= WHAT IS REQUIRED =
Once you reach the line with "Avo: Building Custom" below, copy each line exactly, stopping after the line with "CRISIS and RESPONSE: an", and skip any pictures.

= RECORDS FOR THIS TASK =
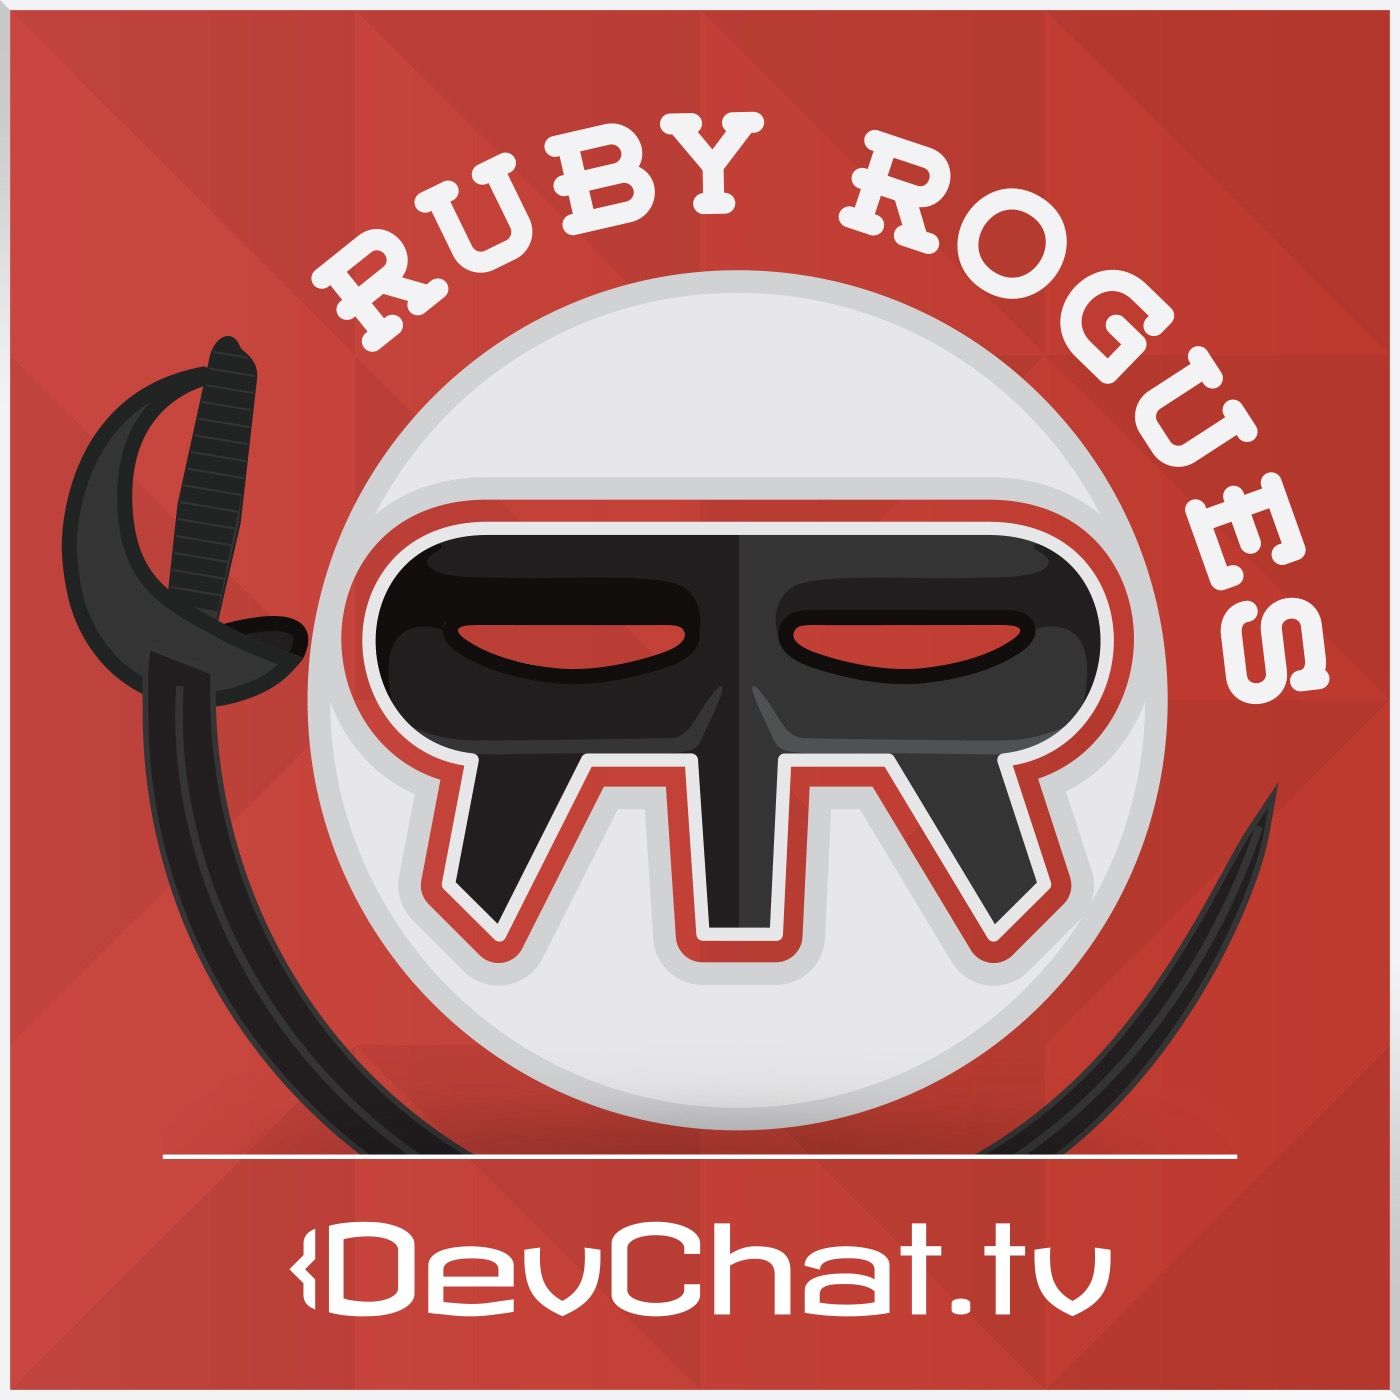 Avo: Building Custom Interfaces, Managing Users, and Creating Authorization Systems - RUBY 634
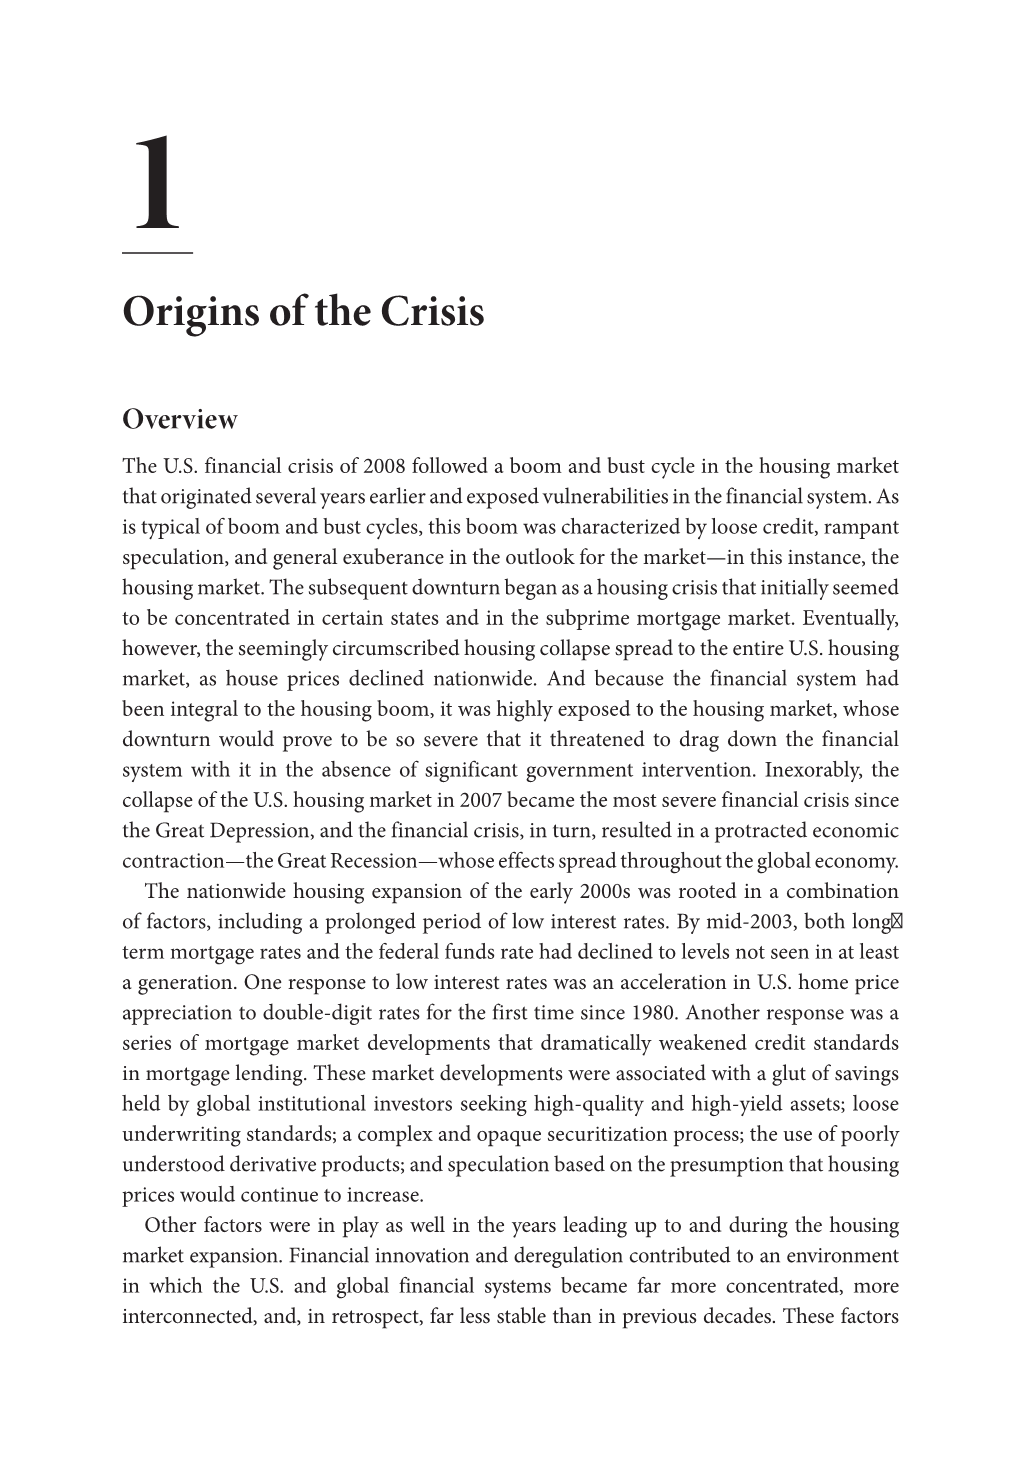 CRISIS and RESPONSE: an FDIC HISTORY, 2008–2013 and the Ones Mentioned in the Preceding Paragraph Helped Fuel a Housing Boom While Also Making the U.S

--

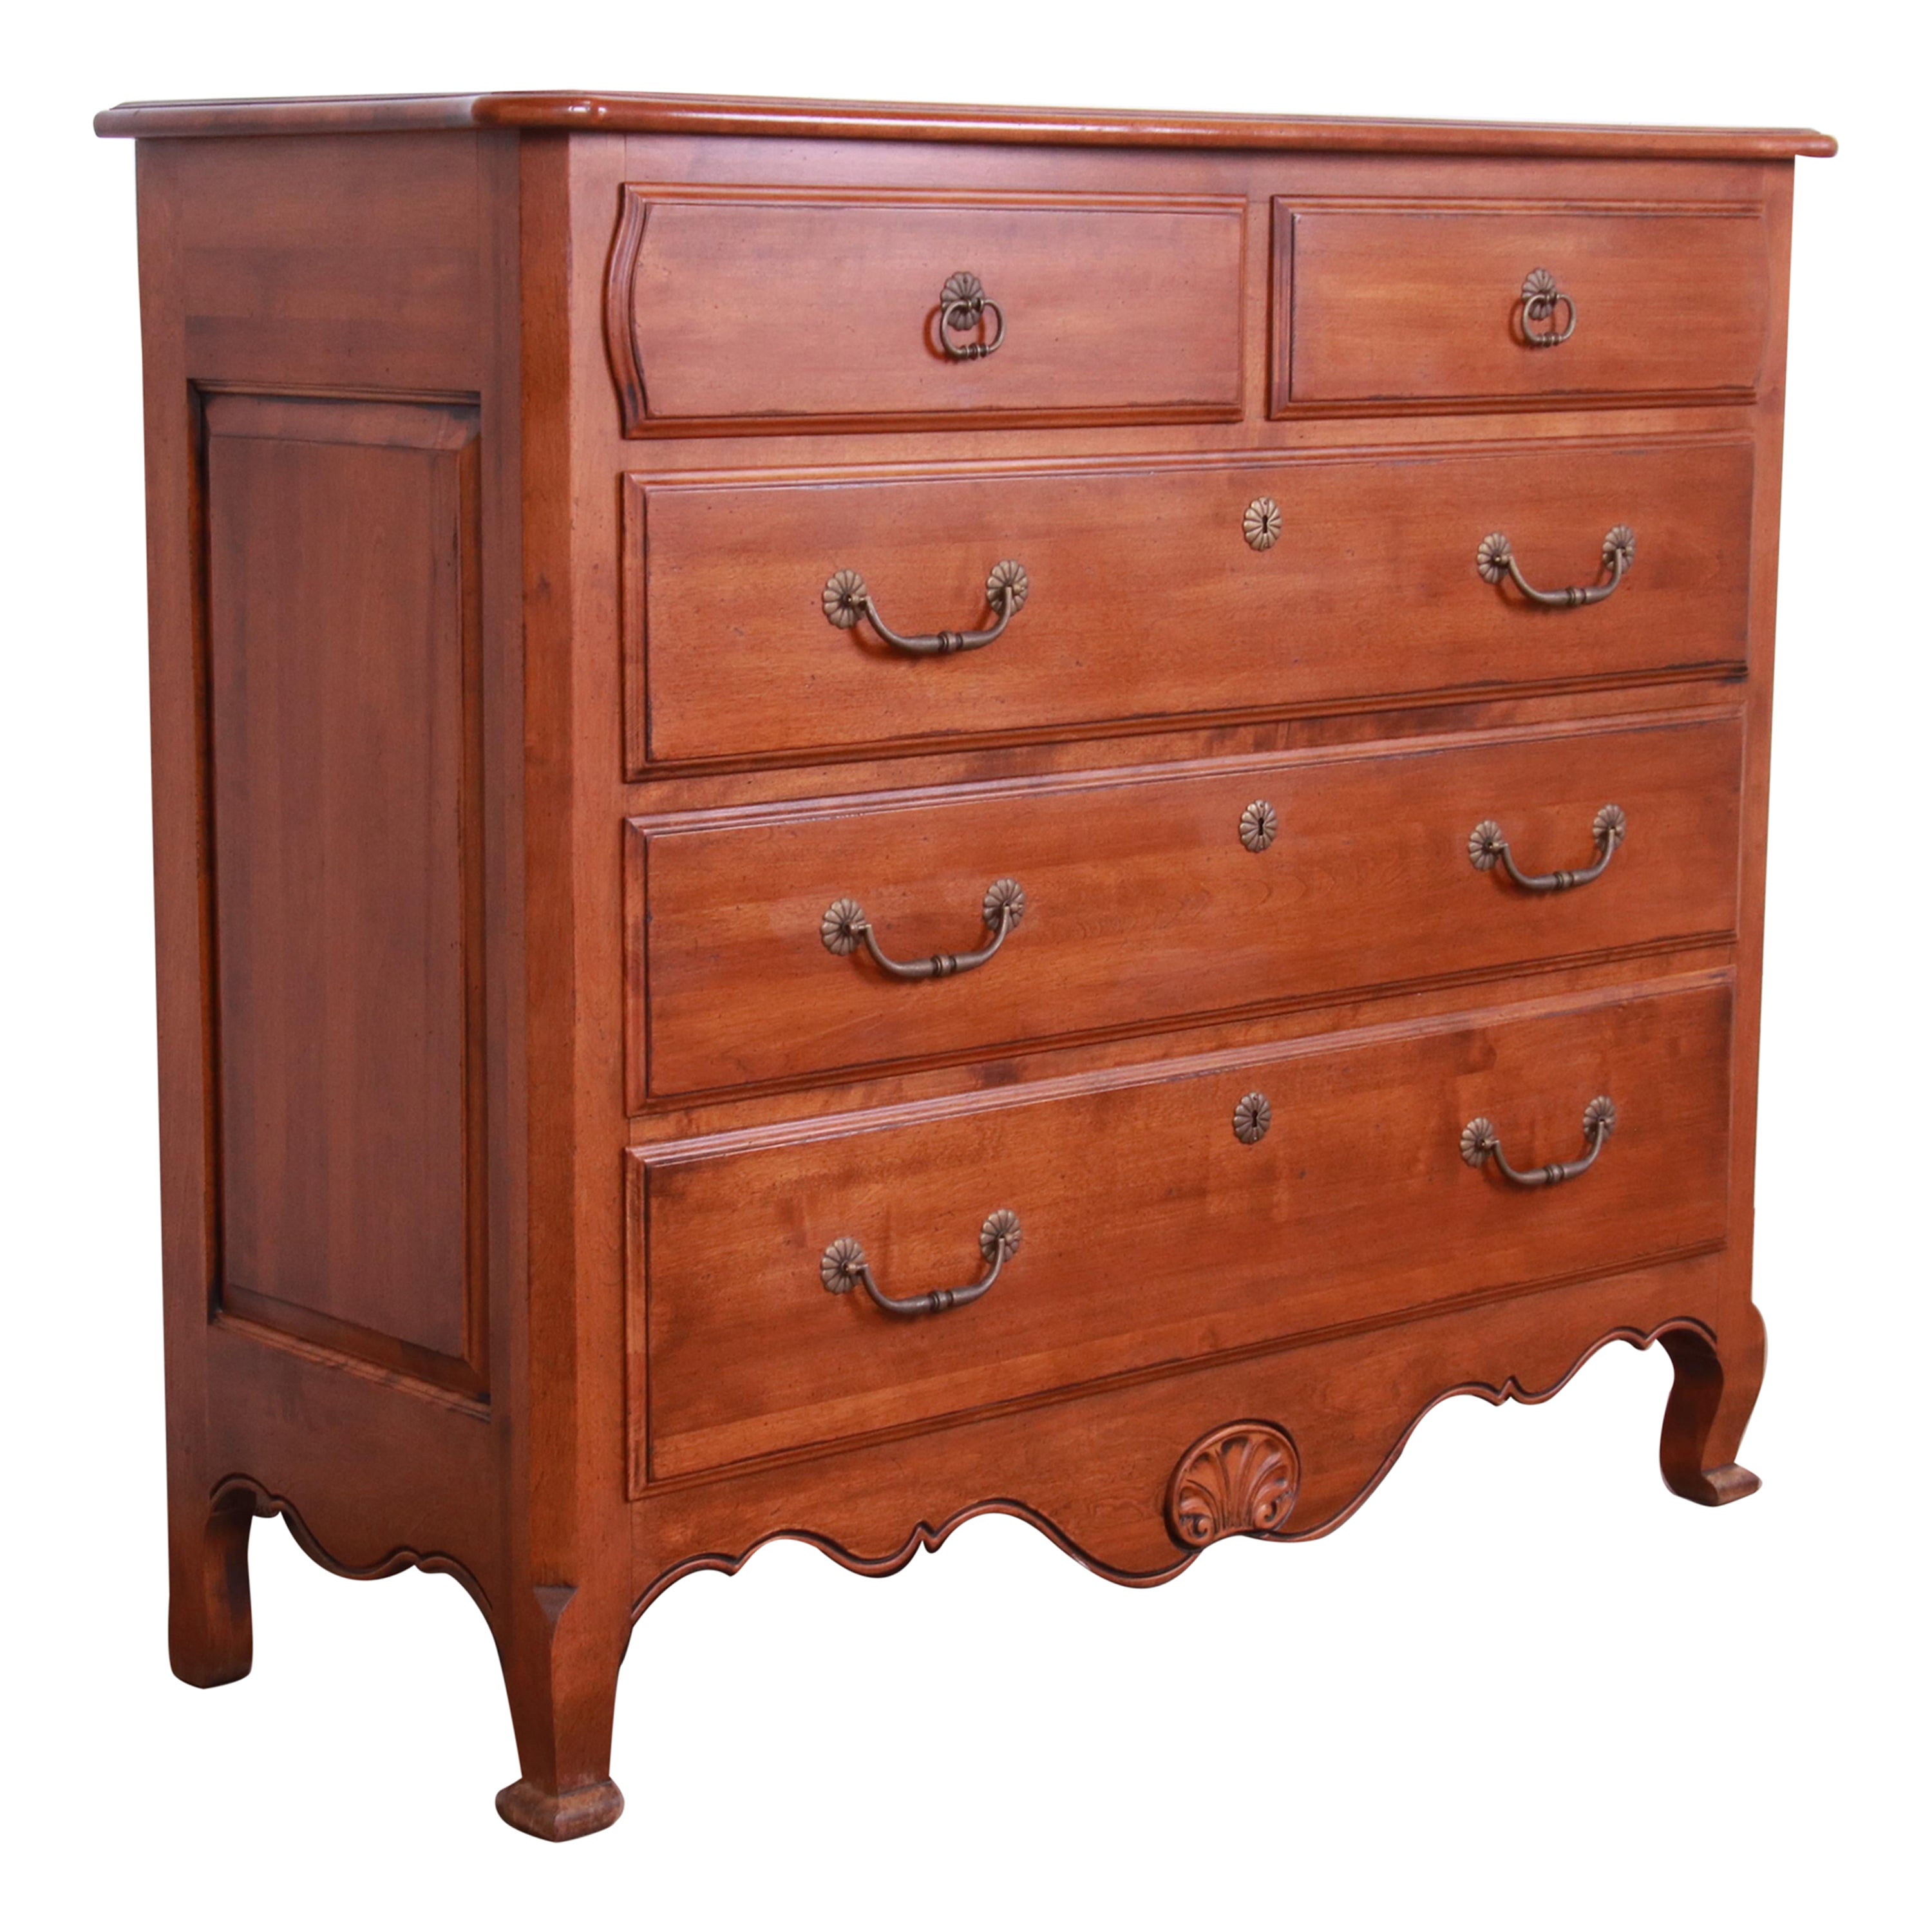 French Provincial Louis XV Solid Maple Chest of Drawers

= ANSWER SPACE =
 Avo: Building Custom Interfaces, Managing Users, and Creating Authorization Systems - RUBY 634
 CRISIS and RESPONSE: an FDIC HISTORY, 2008–2013 and the Ones Mentioned in the Preceding Paragraph Helped Fuel a Housing Boom While Also Making the U.S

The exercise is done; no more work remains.